The Appellant, Garfield Donte Evans (Evans), was an inmate at the Kentucky State Penitentiary in Eddyville, Kentucky. He had a long history of mental illness and was serving a four-year sentence. On January 15, 2015, Evans was in a segregation unit because he had threatened to harm himself. In this unit he was observed at all times. On the 15th, Evans was to be moved to a different cell block. When officers attempted to move him, he removed the smock he was wearing and placed it in the toilet in his cell. He then flushed the toilet several times in an alleged attempt to flood his cell. He then removed the smock from the toilet and threw it towards the three officers. The liquid on the smock splashed the officers and splashed into the eye of one of the officers.
Based on this incident, Evans was indicted on three counts of assault in the third degree.
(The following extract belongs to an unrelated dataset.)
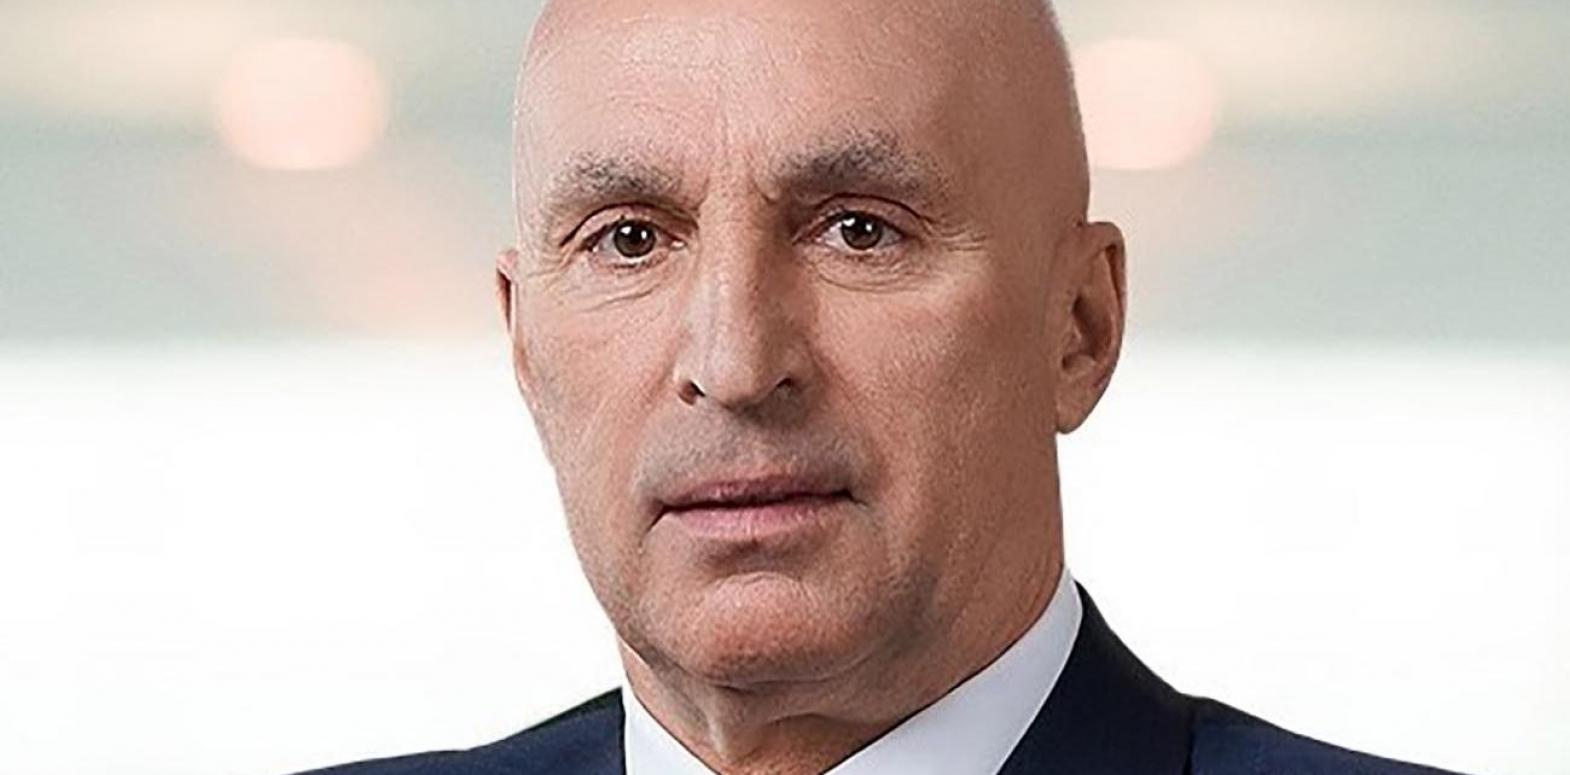 Ярославский готов привлечь 1 млрд долл. инвестиций для восстановления Харьковского авиазавода

KRS 1 508.025. A jury trial was held on July 19, 2016. At the trial, all three officers testified that the smock had been submerged in the toilet and that the liquid that hit them smelled strongly of urine. The officers admitted, however, that they did not see Evans urinate. Evans’s counsel motioned for a directed verdict at the close of argument on the basis that no testimony proved that Evans had urinated in the toilet. The court overruled the motion citing to the fact that all three officers testified the smock was in the toilet and the liquid smelled strongly of urine. The jury found Evans guilty of three counts of third-degree assault.
At the sentencing phase of the hearing, the Commonwealth told jurors that their verdict needed to serve as a deterrent to other prisoners and that the jury was speaking as one voice for the community. The Commonwealth called as a witness an employee of the Department of Probation and Parole. The witness testified, among other things, that if the jury returned a maximum verdict of five years on each count, running consecutively, Evans would be eligible for parole in three years. The Commonwealth, however, told the jury that if they gave Evans the maximum fifteen years, “he’s only looking at three years to serve,” referencing the testimony of the witness.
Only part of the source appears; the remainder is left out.